■ GIVEN MATERIAL:
────────────────────────────────────────

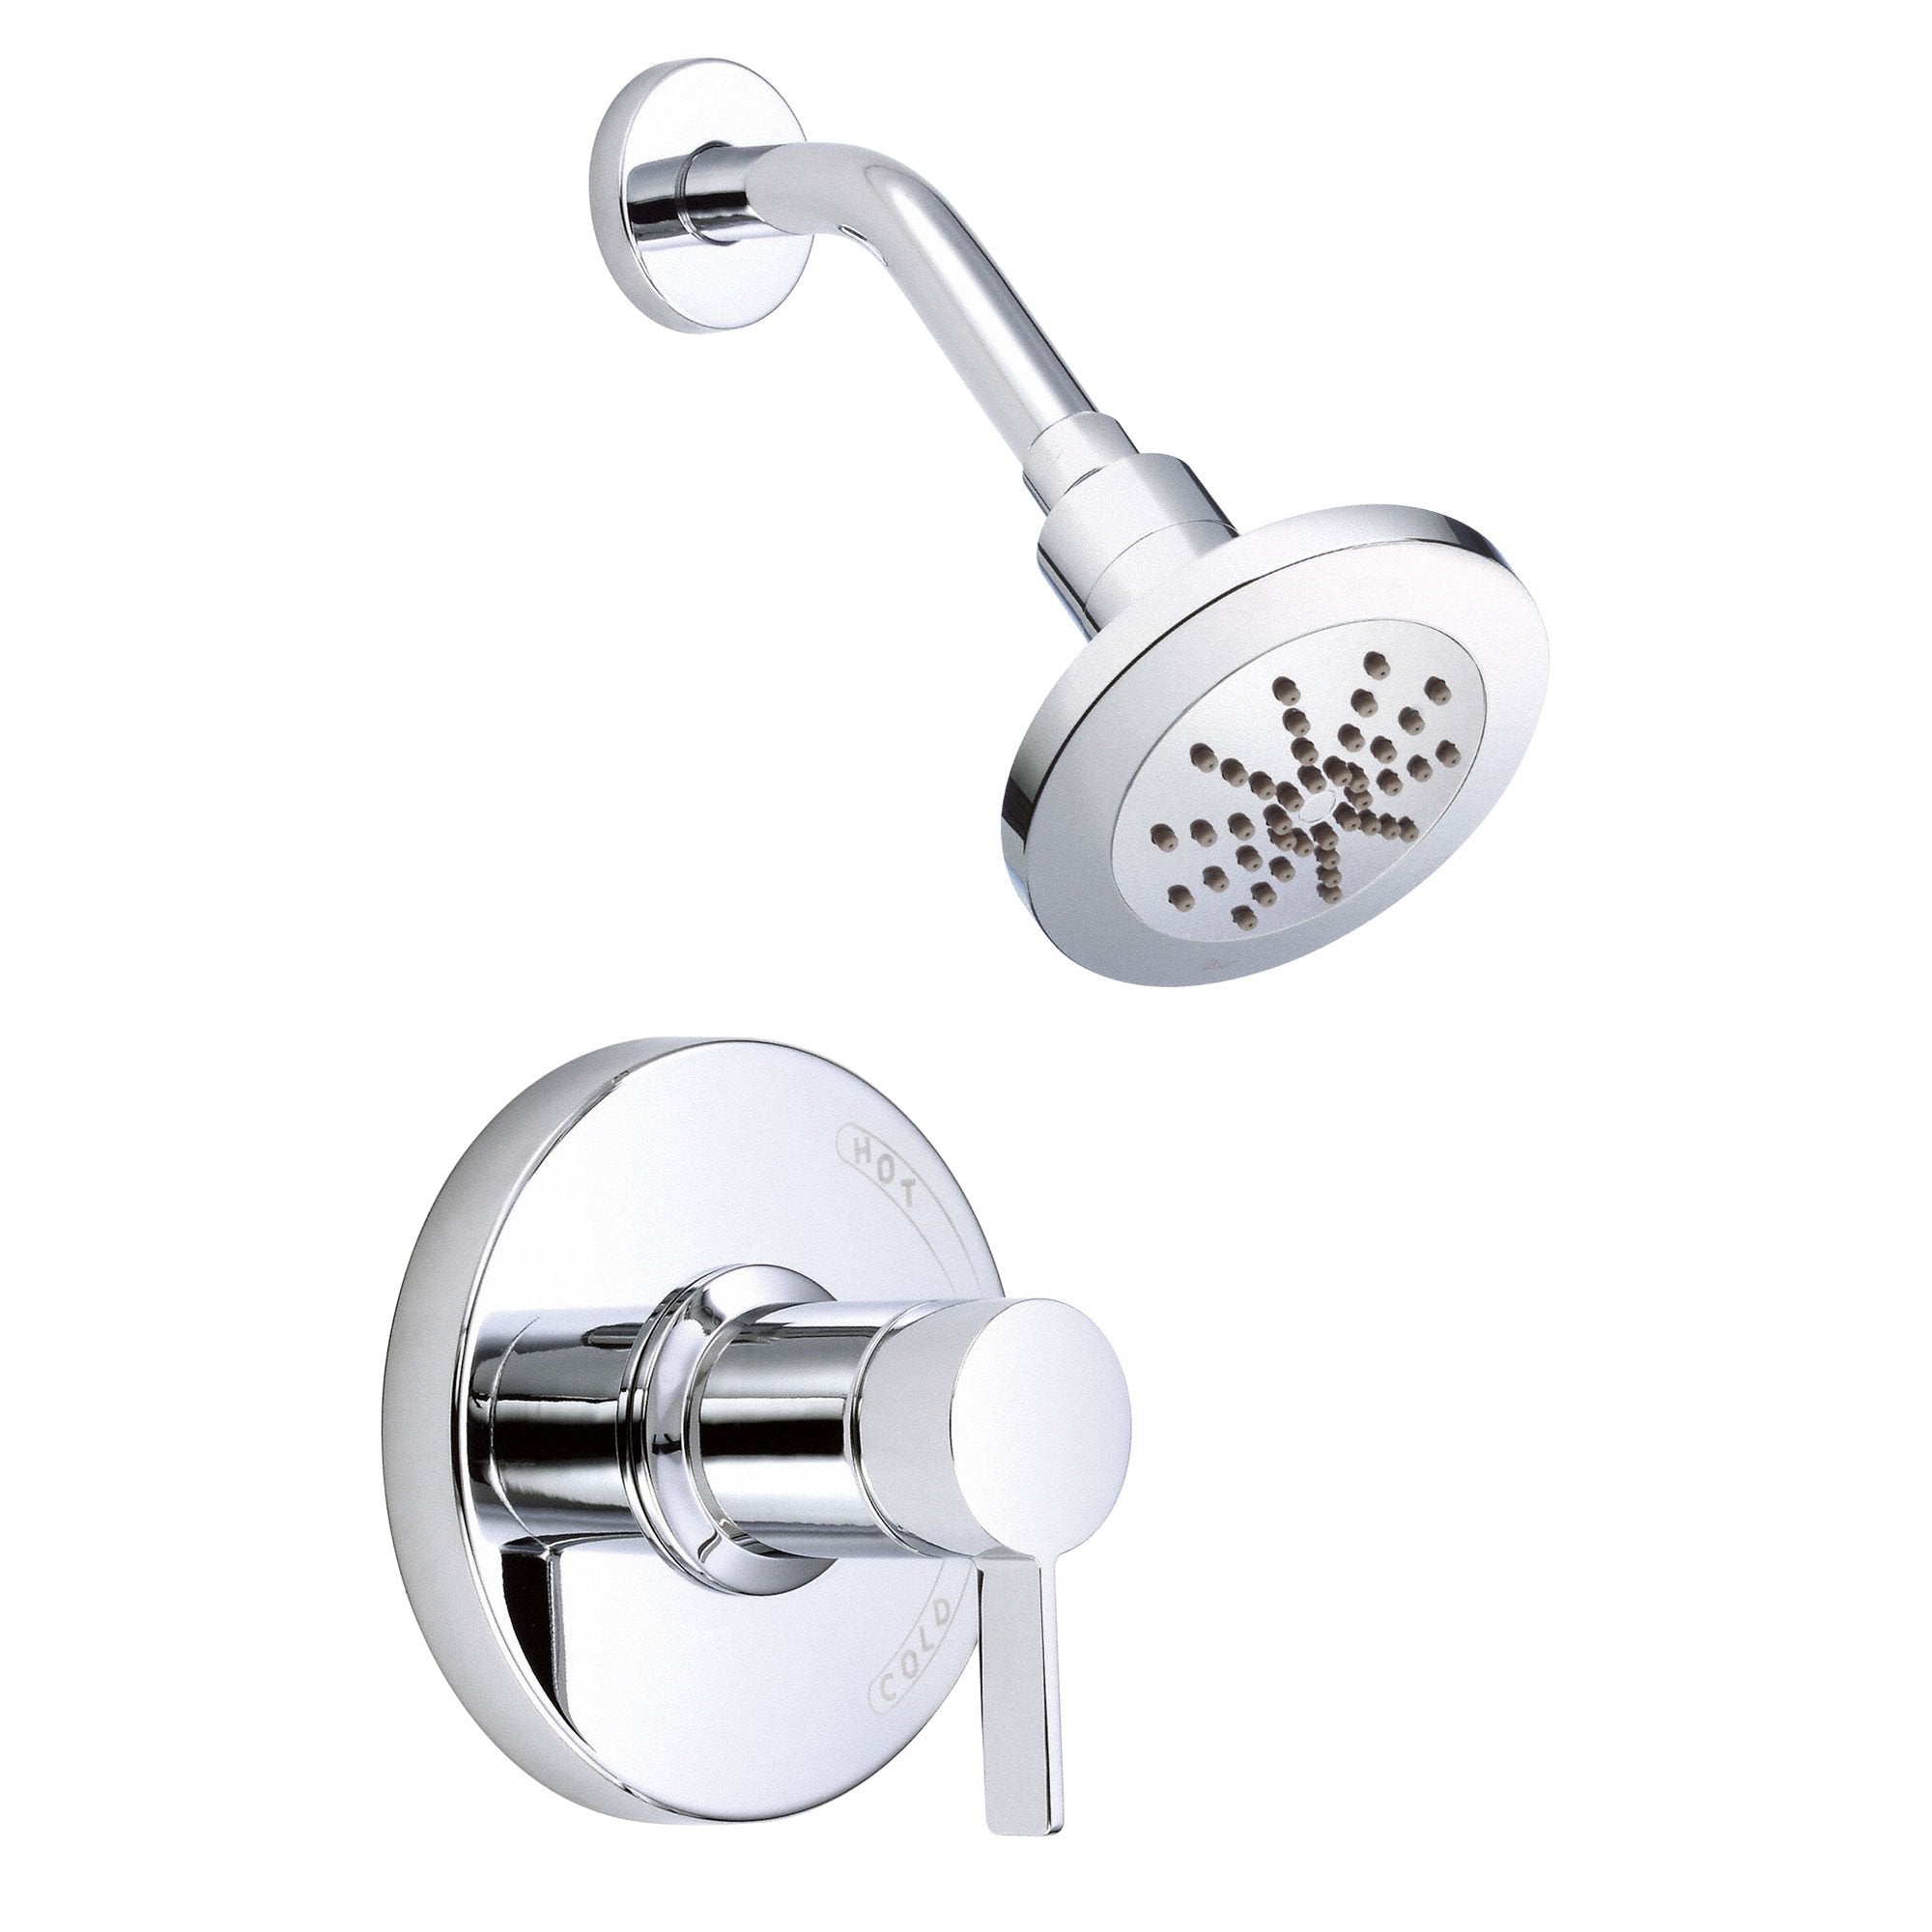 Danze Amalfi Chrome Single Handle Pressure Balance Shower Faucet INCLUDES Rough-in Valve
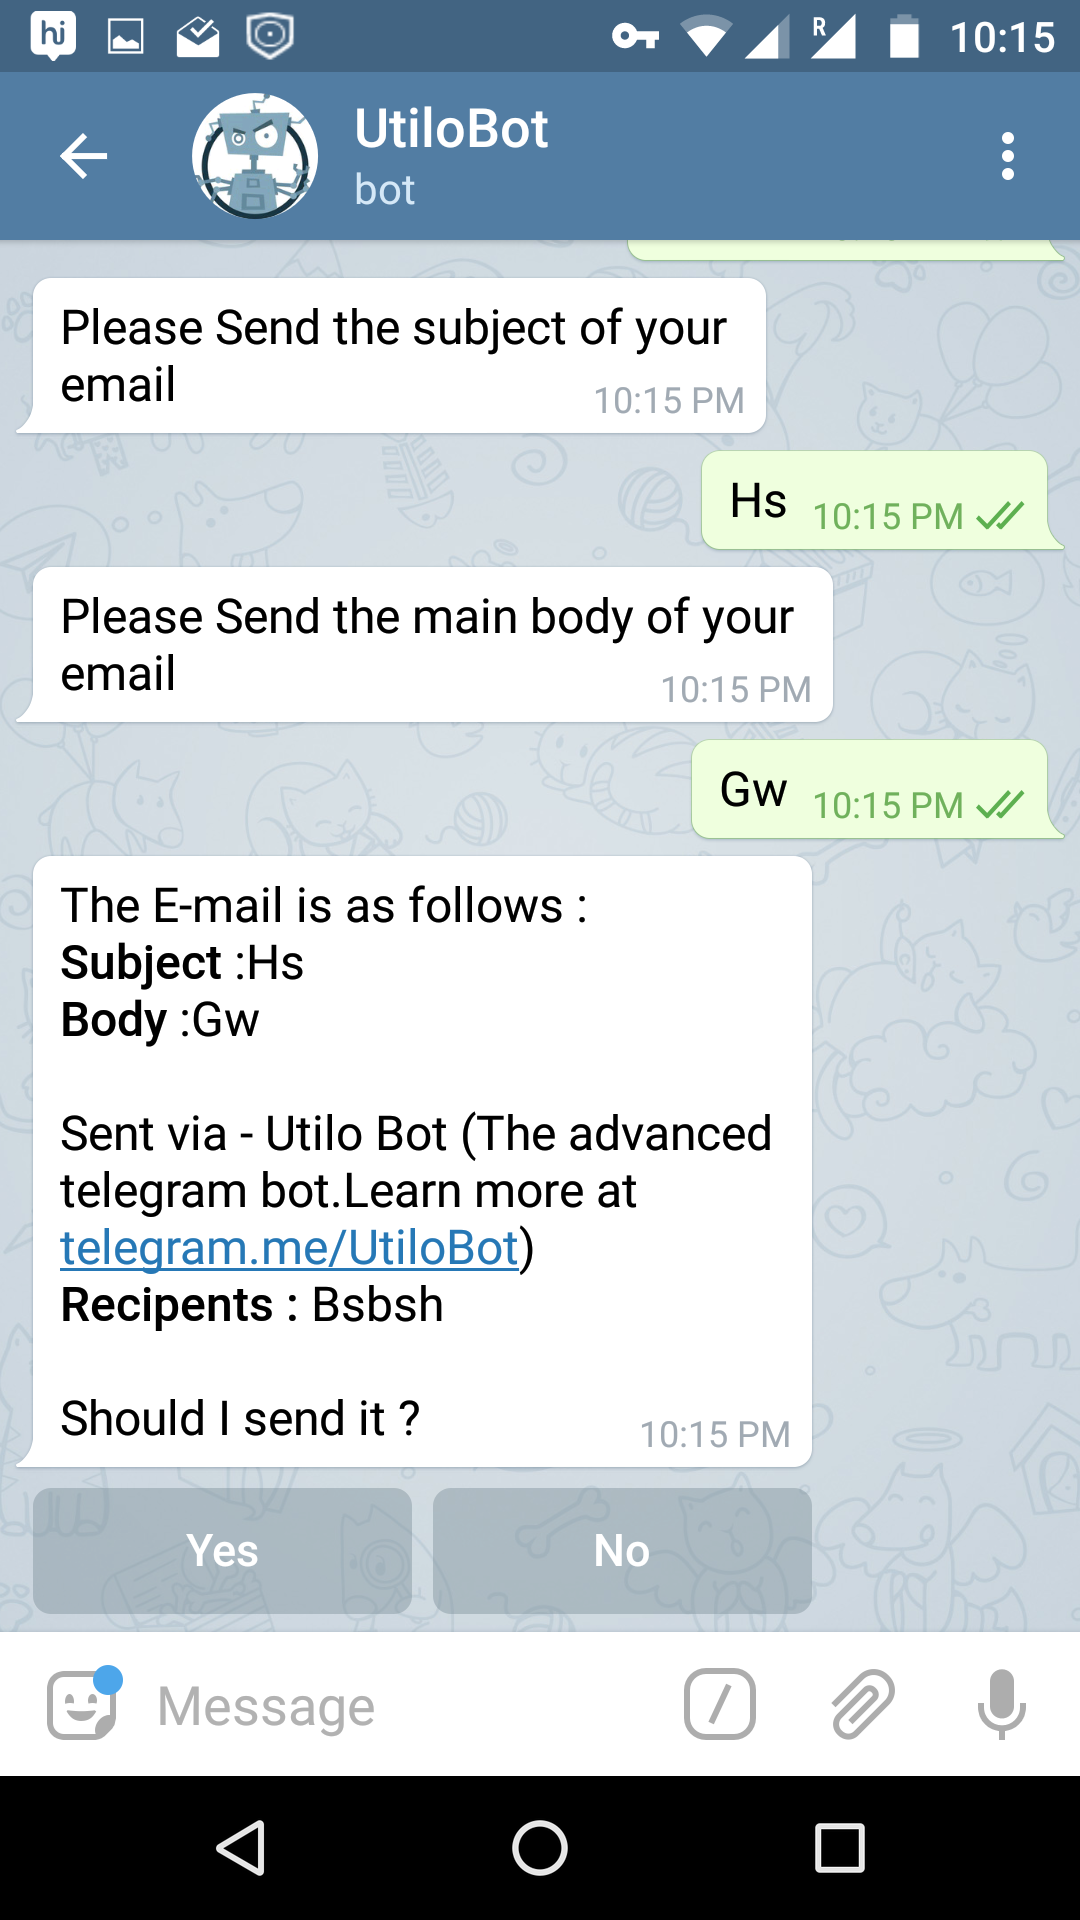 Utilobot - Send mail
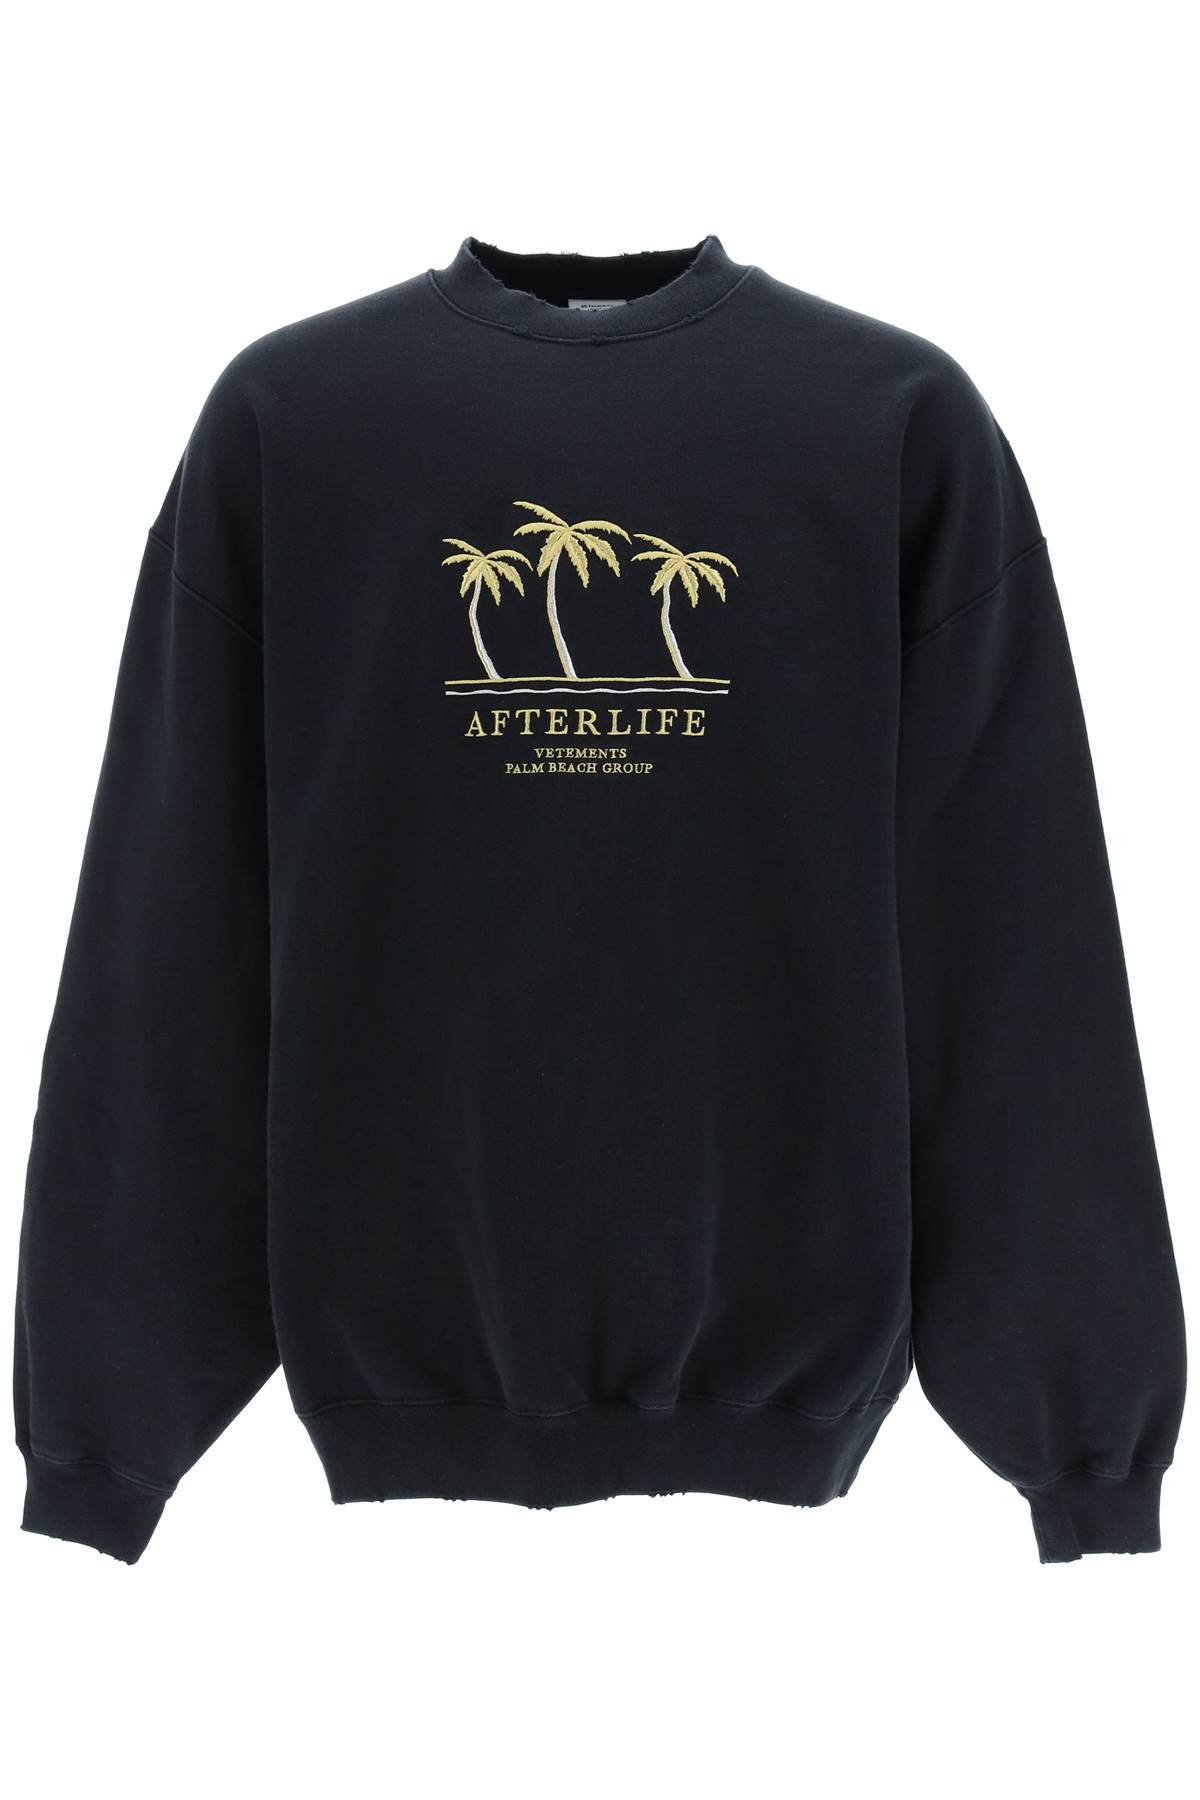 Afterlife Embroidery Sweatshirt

────────────────────────────────────────

■ PROBLEM TO WORK ON: For this exercise, output only the lines from the one bearing "Utilobot - Send mail" to the end of the material above, exactly as written, with pictures left out.

■ YOUR RESPONSE:
 Utilobot - Send mail
 Afterlife Embroidery Sweatshirt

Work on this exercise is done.